Justice Ginsburg asked if the Justice Department has guidelines to instruct U.S. Attorneys on what charges to bring in various circumstances.
Lawyer Martinez replied that the U.S. Attorneys’ manual advises that the prosecutor should, in general, bring the most severe charge.
Even though these guidelines are widely known and longstanding, the justices gawked.
You make the fisherman sound “like a mob boss or something,” Chief Justice Roberts complained.
“The prosecution in this case was not about the size of the fish,” Martinez stressed, it “was about the destruction of the evidence.”
What sentence did you recommend? Justice Kennedy asked.
We followed the sentencing guidelines, Martinez responded, which would have been between 21 to 27 months. “The judge ended up giving 30 days.
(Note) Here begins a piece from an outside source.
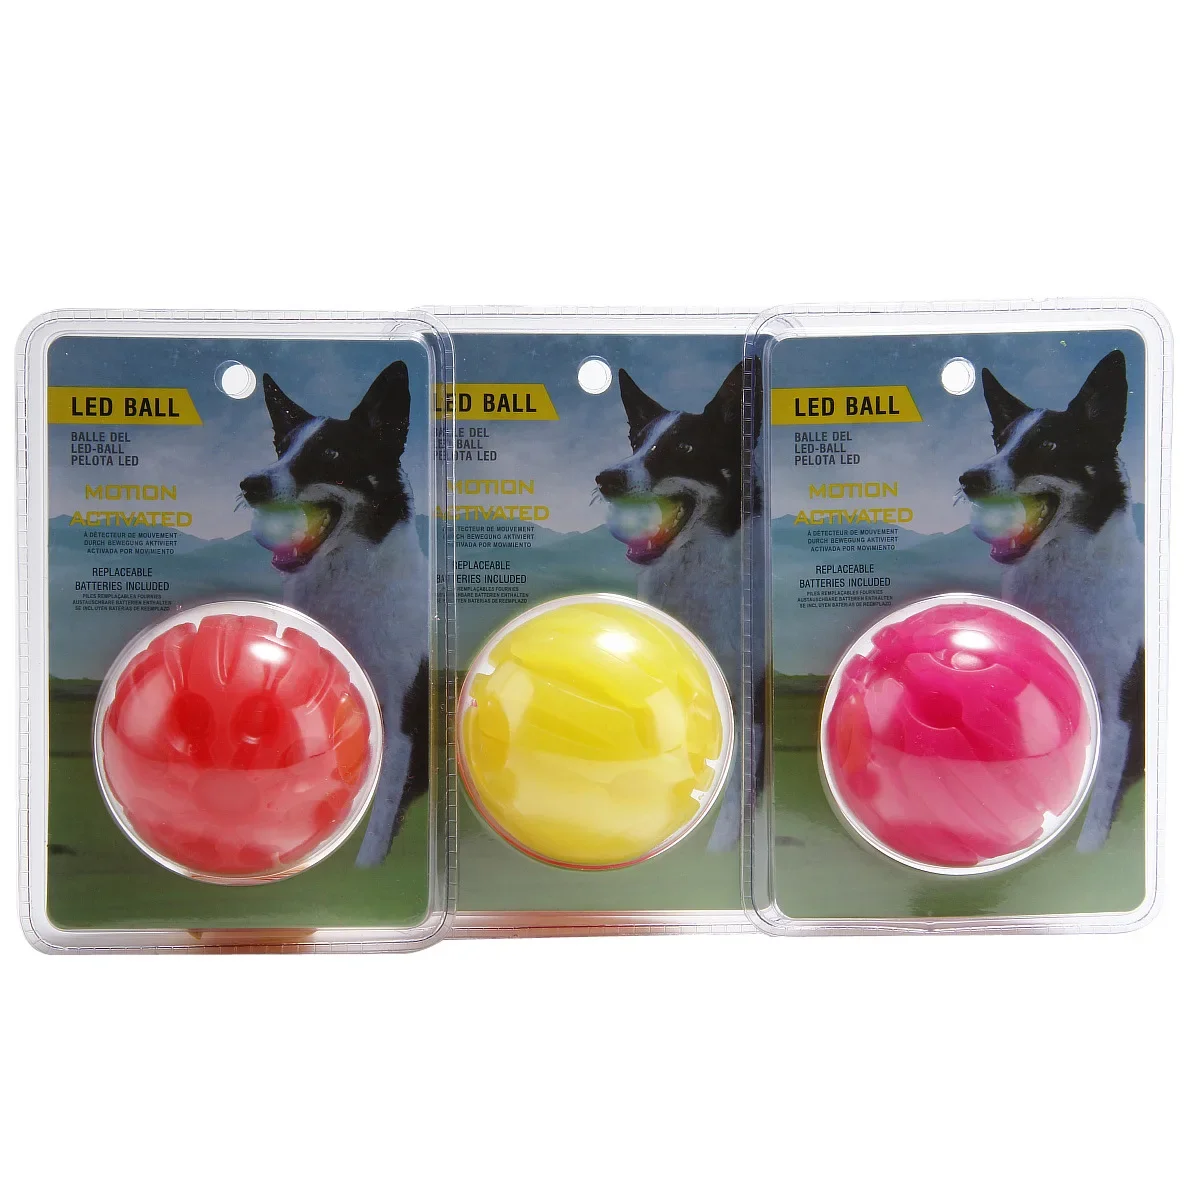 Boule-lumineuse-LED-pour-chien-jouet-m-cher-Transformation-color-e-fournitures-pour-chiots-4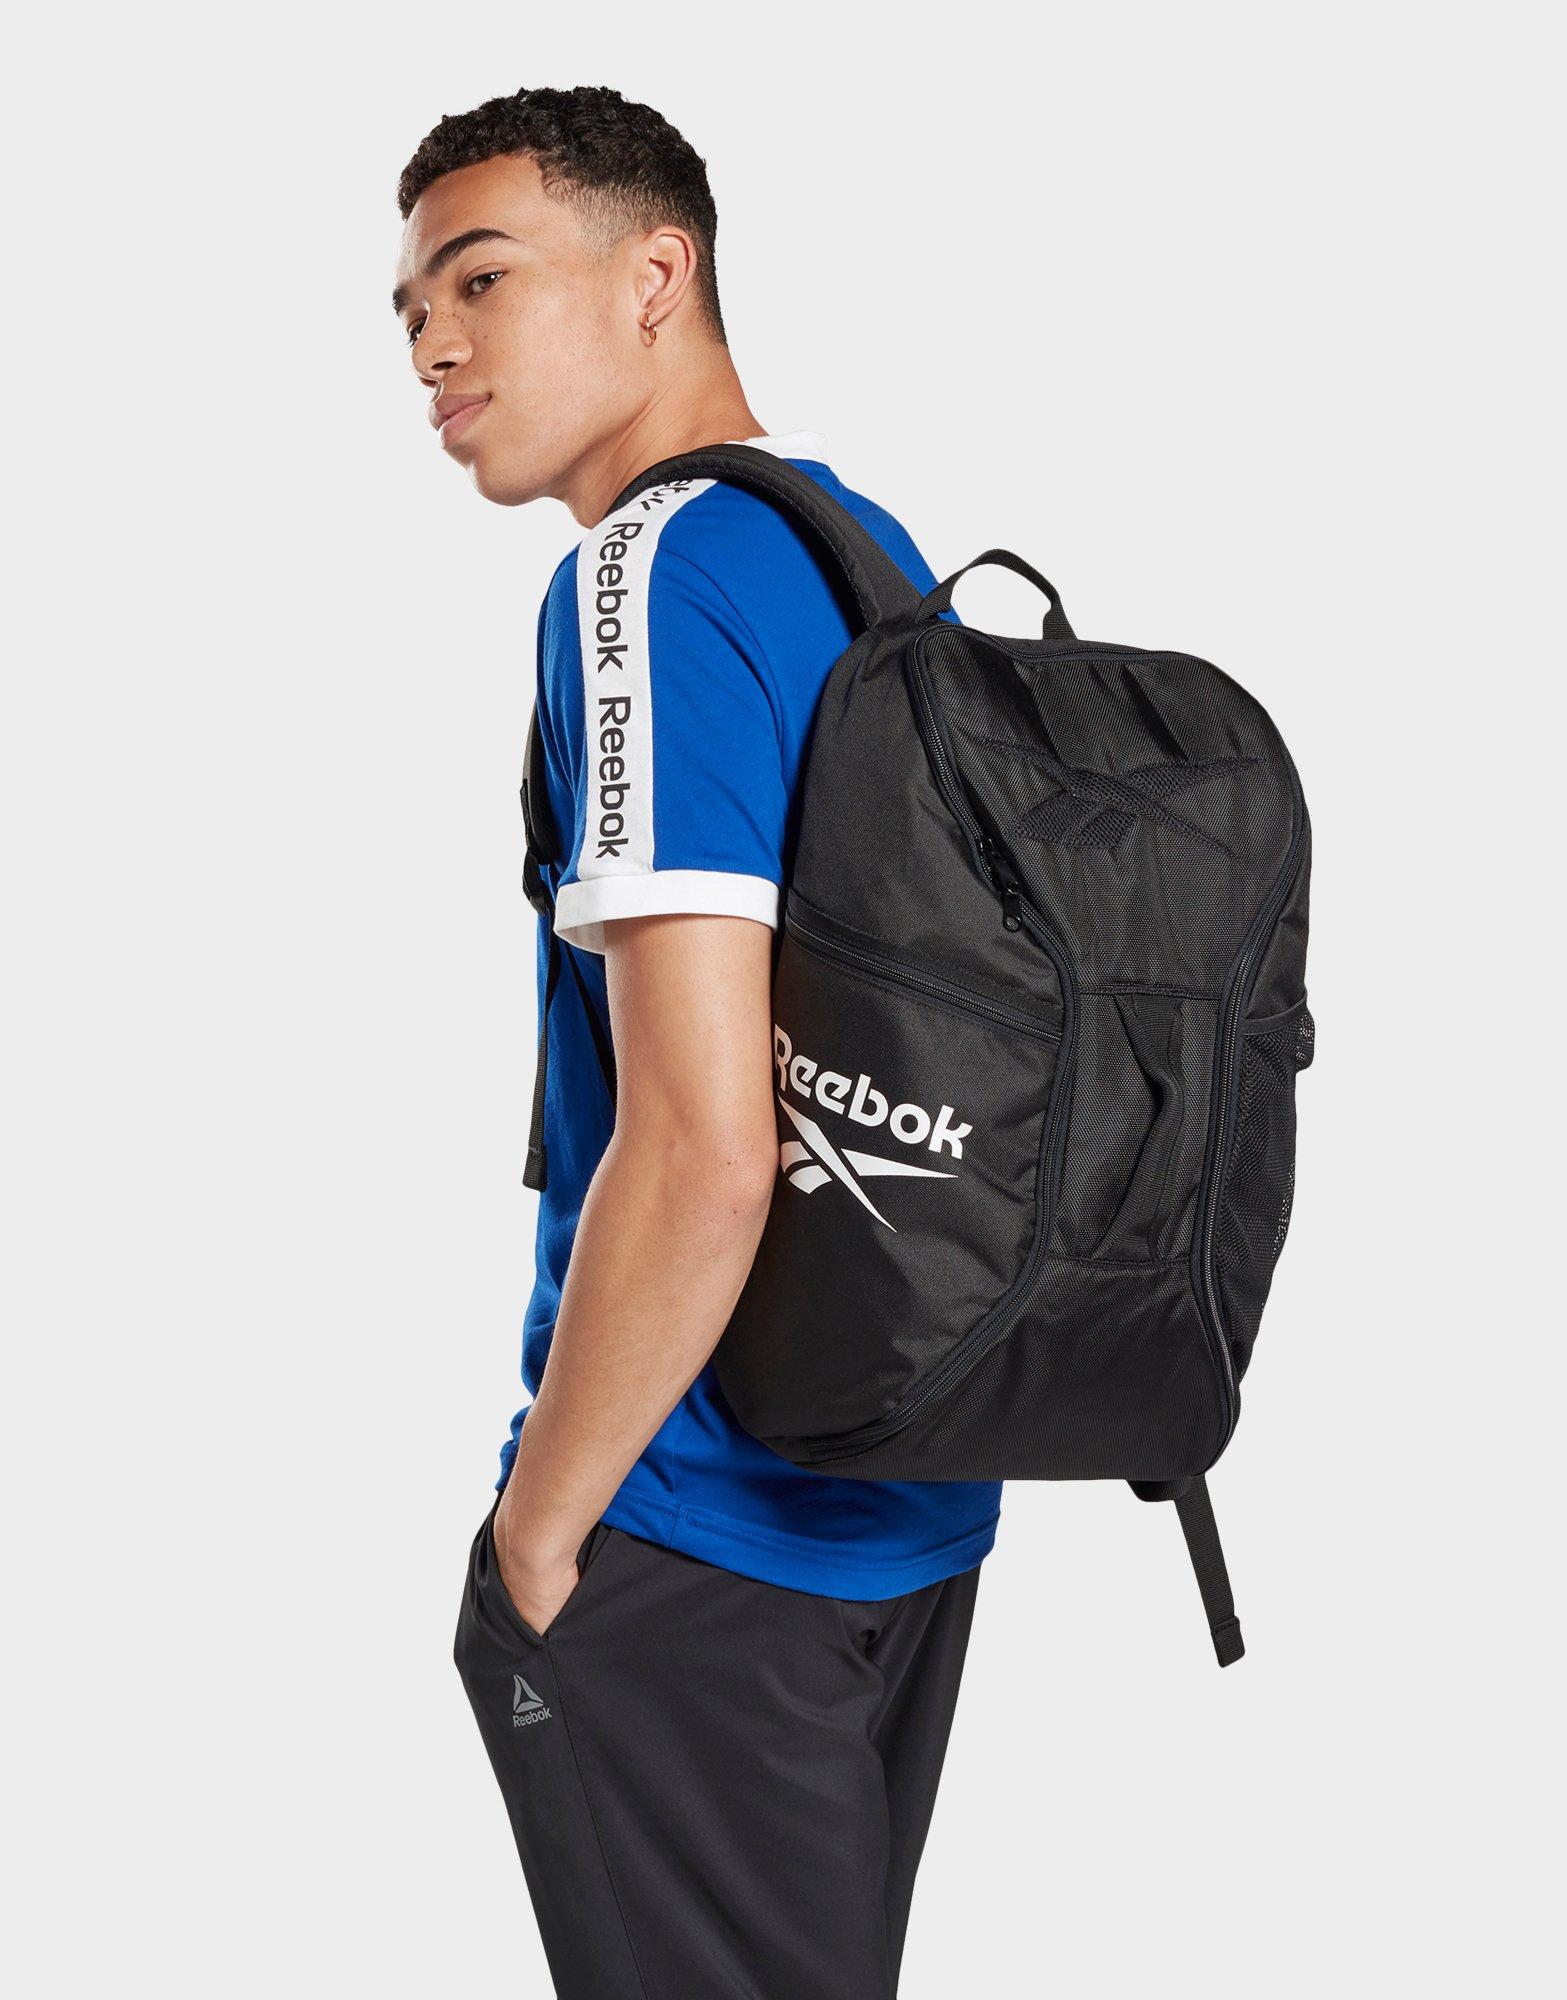 Buy Reebok One Series Training Backpack

We did not appeal that,” he added.
But the point is, interrupted the chief justice, that if you have a maximum penalty of 20 years, that gives prosecutors “extraordinary leverage” under the broadest interpretation of this law, leverage that gives the prosecution a big edge in negotiating plea deals.
“We’re operating with the statute that Congress passed,” Martinez answered, noting that the law was originally drafted in the Senate with a five-year penalty, which was increased to 20 years by the House of Representatives.
Justice Breyer again sought to find some limits to the law. He posited this admittedly extreme example: A postman comes to my door and gives me a federal form to fill out. “I say, ‘I hate postmen,’ and I rip it up. Twenty years?”
Justice Samuel Alito entered the fray, saying, “You are really asking the court to swallow something that is pretty hard to swallow.” What if it were one fish, a guy catches one undersized trout, and he sees a federal inspector coming toward him so he throws it back in the lake?
The government’s Martinez replied that he understood the court’s concerns about potentially “harsh results in particular outlier applications.” But in this case, he pointed out, the defendant is not arguing for some sort of “de minimis rule.” He’s arguing that “an entire class of evidence” is beyond the reach of the federal obstruction of justice statute.
A decision in the case is expected later in the term. In the meantime, the public will wait with “baited” breath.